The decision was made in an attempt to save himself after Beth discovered that Jamie’s father was the one who ordered the hit on the Duttons and she threatened him with death if her father or husband Rip (Cole Hauser) found out.

“In the first episode, Jamie is trying to survive,” says Bentley, following his finale choice. “Jamie has a strong sense of right and wrong, but it’s his own sense of right and wrong and it definitely has to do with his benefit.

So, part of it was about him surviving rather than his dad surviving. He sized out that what his dad did was wrong, so when faced with the options from Beth, he decided it was right to kill him. As painful as that is to say or do, he was really left with no choice. But, despite that, that’s now led to some intense hatred and anger of Beth deep inside.”

He continues, “It’s devastating and it’s only going to be more devastating as time goes on, as Jamie realizes what he doesn’t have. His father [played by Will Patton] was his only real family.

And I think in Beth voicing for him to kill his father, she has opened a deep wound. So now he has to figure out what he’s going to do about it. But, he is under her thumb and can’t do the instinctual thing, so he has to play her game — at least for a bit.”

That simmering rage is on top of Jamie and Beth’s deep hate for one another.
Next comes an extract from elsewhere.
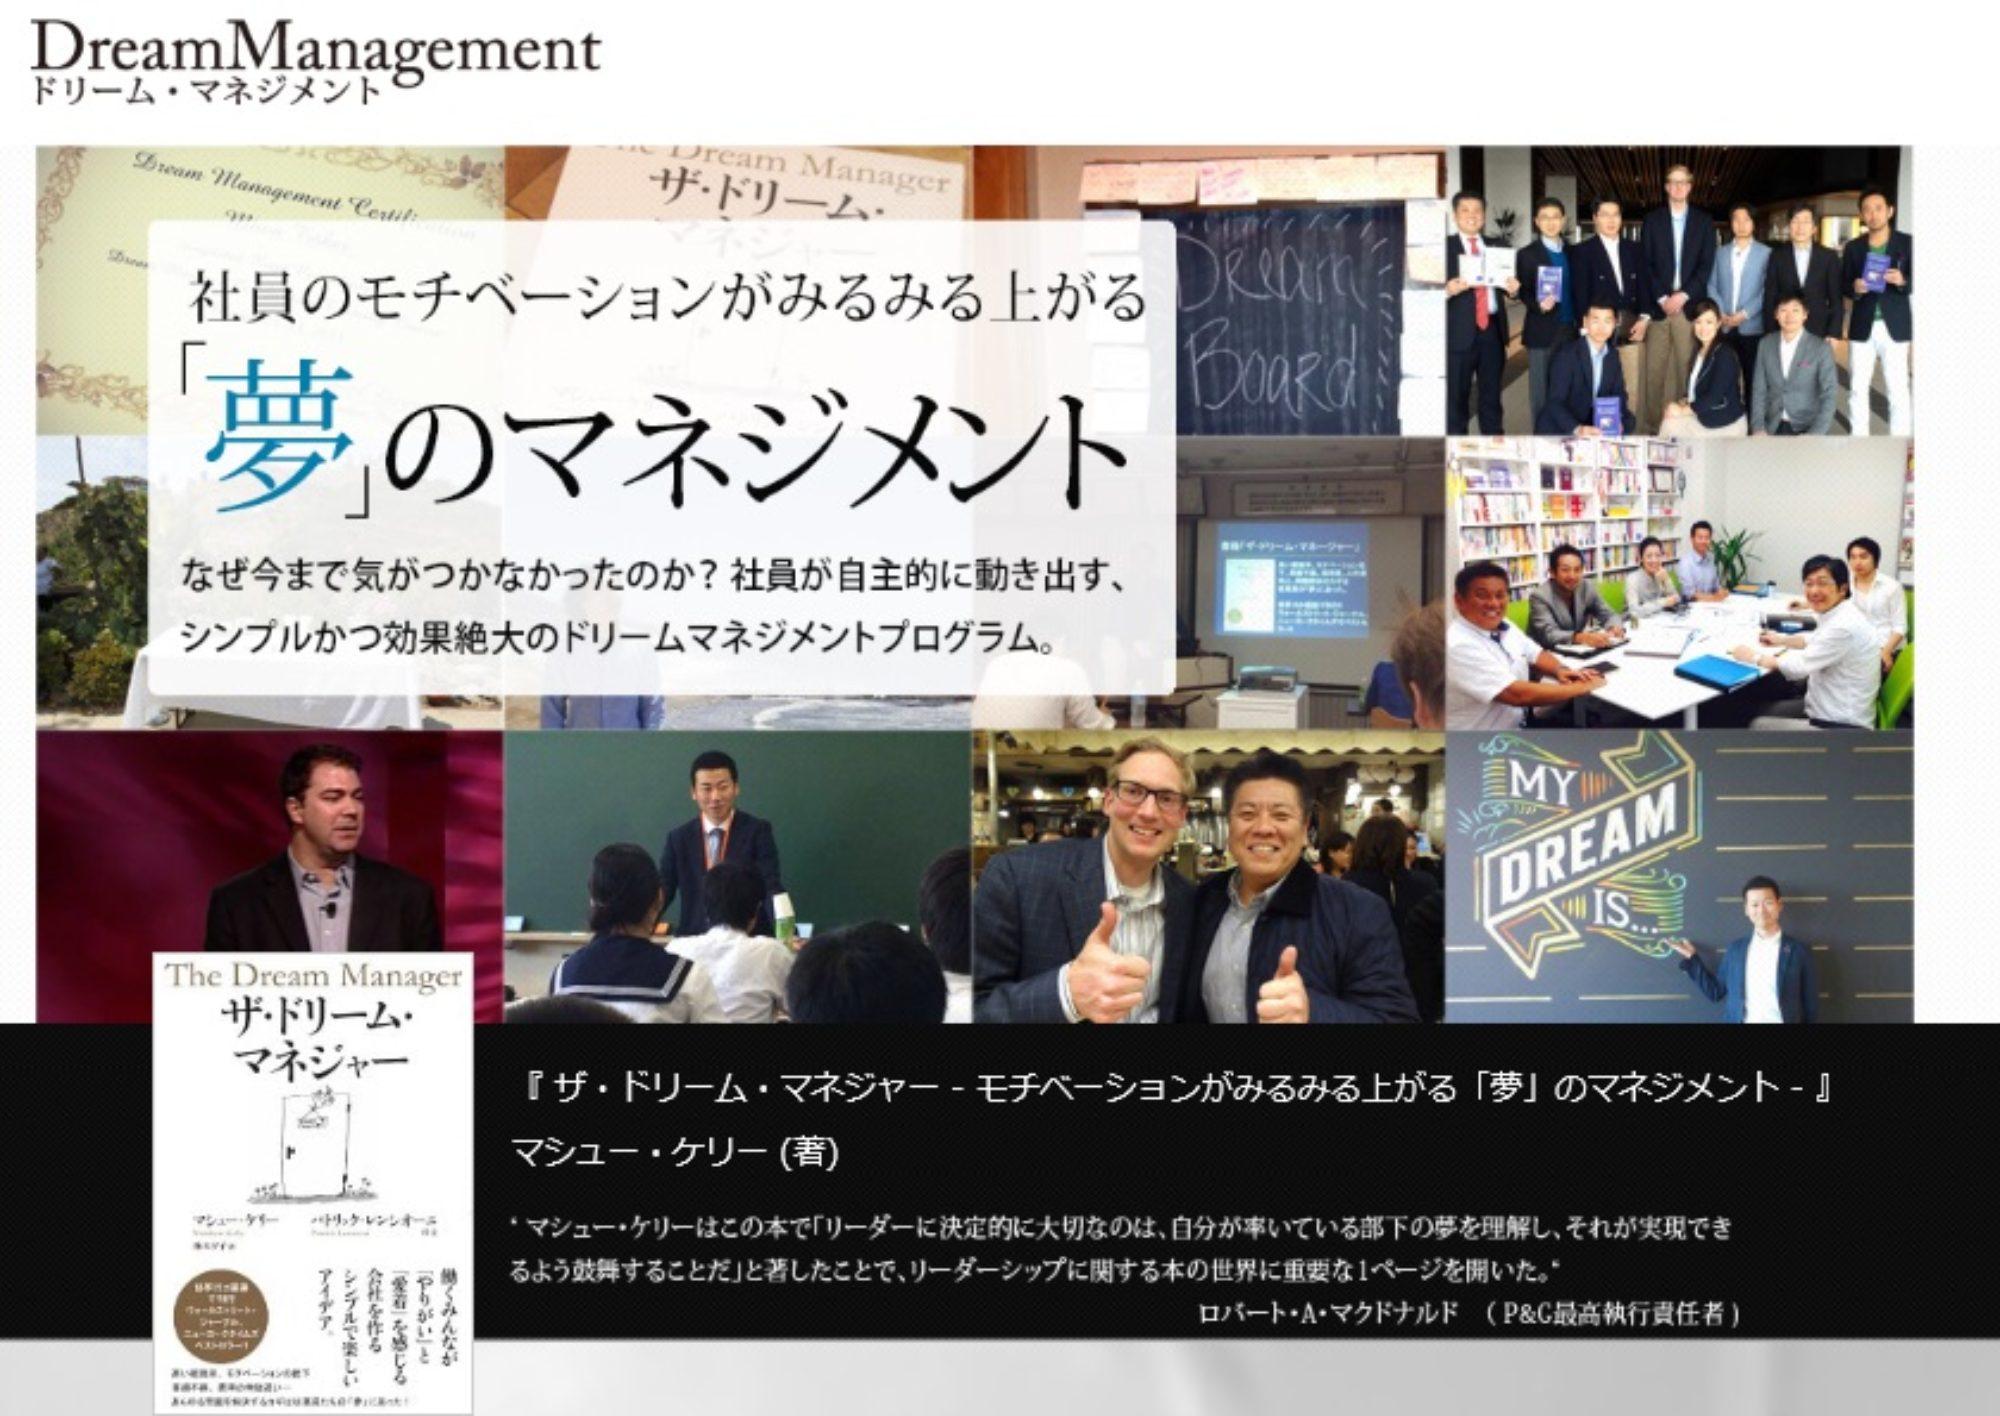 ドリームマネジメントブログ

As shown in flashbacks, when Beth was a teenager looking for an abortion, Jamie took her for a sterilization operation without her knowledge, and her infertility as a result has fuelled much of Beth’s animosity toward her brother.
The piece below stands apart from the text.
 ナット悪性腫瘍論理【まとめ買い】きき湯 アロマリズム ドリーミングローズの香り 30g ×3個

Bentley observes that airing in a post-Roe world may provoke even more emotional audience views about Beth and Jamie’s damaged relationship, but he also notices another political link.

“More than his politics, John running for office sort of mirrors what’s happening now in the sense that there are a lot of people who don’t believe in government or democracy that are running on selfish, self-promoting reasons,” says Bentley of the self-serving motivations behind John’s governorship.

“John just wanted to be governor for his own personal gain, not for the people. And there are a lot of people running like that who don’t believe in government or democracy, who are just trying to get what they want, despite the opinion of the people.”

For the time being, Jamie is striving to be the voice of logic and discourage John and Beth from making actions that he believes would cost them the family cattle ranch, such as taking on the coastal elites and any powerful billionaire developer scouting in Montana.

“He’s the only one who really understands how this works in the modern time. He thinks everyone else is playing a game of cowboy,” says Bentley of the land politics.

“It’s very frustrating for Jamie because he has a stake in this — he wants a piece of Yellowstone as well. We have a lot of new people and new angles that are being attacked at the ranch, and a lot of relationship changes like between me and John and Beth. I think it’s going to bring up a lot of new and different feelings than in the last four seasons.”

And Jamie might not be the only danger. There are indications that the Duttons may face a reckoning: After receiving an alarming vision about the “end of us” in the season four finale, youngest son Kayce lost his unborn boy after his wife Monica was in a car accident at the finish of the premiere.

“It feels like they’re at an inflection point, almost entirely from their own decisions,” says Bentley of what the Duttons will be up against in season five. “It does feel like the world is coming down on them, or at least they’ve run themselves into a corner and they can’t get out of it. And also, not being able to deal with the emotions of all of this has got to be something that’s interesting that they struggle with.”

The Yellowstone series airs on the Paramount Network on Sundays at 8 p.m. ET. This season is not accessible on Paramount+, but you can access previous seasons on Peacock TV.

What are your thoughts on Beth’s exposure to Jamie as the adoptive son and his unreal father, as well as how he mistreated his actual father? Let us know in the comments section below!

Jane Davies

Jane Davies

An entertainment enthusiast located in Austin. She is a tech geek, movie fan, and a dedicated binge-watcher. She is someone who enjoys keeping up with the current events and entertainment gossips.